→ About this task
Write out the line that contains "Crolenda Faux Leather Shirt", then every following line to the end of the records below, with no other lines and no changes.

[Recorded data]

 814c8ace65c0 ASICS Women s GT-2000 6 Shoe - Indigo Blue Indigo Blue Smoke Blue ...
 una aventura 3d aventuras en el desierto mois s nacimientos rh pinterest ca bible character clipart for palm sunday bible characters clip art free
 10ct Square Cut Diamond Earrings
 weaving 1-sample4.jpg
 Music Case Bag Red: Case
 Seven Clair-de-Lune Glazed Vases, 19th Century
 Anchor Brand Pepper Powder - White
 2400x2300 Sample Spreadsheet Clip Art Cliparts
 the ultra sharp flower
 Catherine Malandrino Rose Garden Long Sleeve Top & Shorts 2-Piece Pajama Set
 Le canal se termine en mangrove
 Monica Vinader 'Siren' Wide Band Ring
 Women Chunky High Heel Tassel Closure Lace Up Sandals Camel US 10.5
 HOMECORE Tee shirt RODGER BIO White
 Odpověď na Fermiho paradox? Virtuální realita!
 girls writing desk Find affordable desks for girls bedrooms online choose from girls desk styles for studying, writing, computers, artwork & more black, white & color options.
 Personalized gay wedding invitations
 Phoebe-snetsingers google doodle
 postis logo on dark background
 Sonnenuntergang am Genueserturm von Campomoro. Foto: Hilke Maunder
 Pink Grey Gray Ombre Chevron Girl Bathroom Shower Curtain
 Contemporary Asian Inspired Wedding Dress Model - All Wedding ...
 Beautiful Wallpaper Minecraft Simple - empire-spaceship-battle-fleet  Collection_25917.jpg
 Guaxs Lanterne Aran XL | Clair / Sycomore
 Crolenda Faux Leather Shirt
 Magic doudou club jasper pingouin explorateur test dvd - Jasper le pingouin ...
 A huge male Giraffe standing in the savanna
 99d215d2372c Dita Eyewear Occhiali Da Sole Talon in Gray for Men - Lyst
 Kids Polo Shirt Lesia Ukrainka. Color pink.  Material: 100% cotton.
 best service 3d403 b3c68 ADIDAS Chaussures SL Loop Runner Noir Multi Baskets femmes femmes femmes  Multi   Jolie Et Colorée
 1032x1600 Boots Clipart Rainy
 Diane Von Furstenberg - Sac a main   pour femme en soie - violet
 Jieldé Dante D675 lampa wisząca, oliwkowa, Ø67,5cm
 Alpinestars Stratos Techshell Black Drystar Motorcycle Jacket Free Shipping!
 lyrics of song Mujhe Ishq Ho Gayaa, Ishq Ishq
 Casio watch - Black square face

→ Solution to the problem
 Crolenda Faux Leather Shirt
 Magic doudou club jasper pingouin explorateur test dvd - Jasper le pingouin ...
 A huge male Giraffe standing in the savanna
 99d215d2372c Dita Eyewear Occhiali Da Sole Talon in Gray for Men - Lyst
 Kids Polo Shirt Lesia Ukrainka. Color pink.  Material: 100% cotton.
 best service 3d403 b3c68 ADIDAS Chaussures SL Loop Runner Noir Multi Baskets femmes femmes femmes  Multi   Jolie Et Colorée
 1032x1600 Boots Clipart Rainy
 Diane Von Furstenberg - Sac a main   pour femme en soie - violet
 Jieldé Dante D675 lampa wisząca, oliwkowa, Ø67,5cm
 Alpinestars Stratos Techshell Black Drystar Motorcycle Jacket Free Shipping!
 lyrics of song Mujhe Ishq Ho Gayaa, Ishq Ishq
 Casio watch - Black square face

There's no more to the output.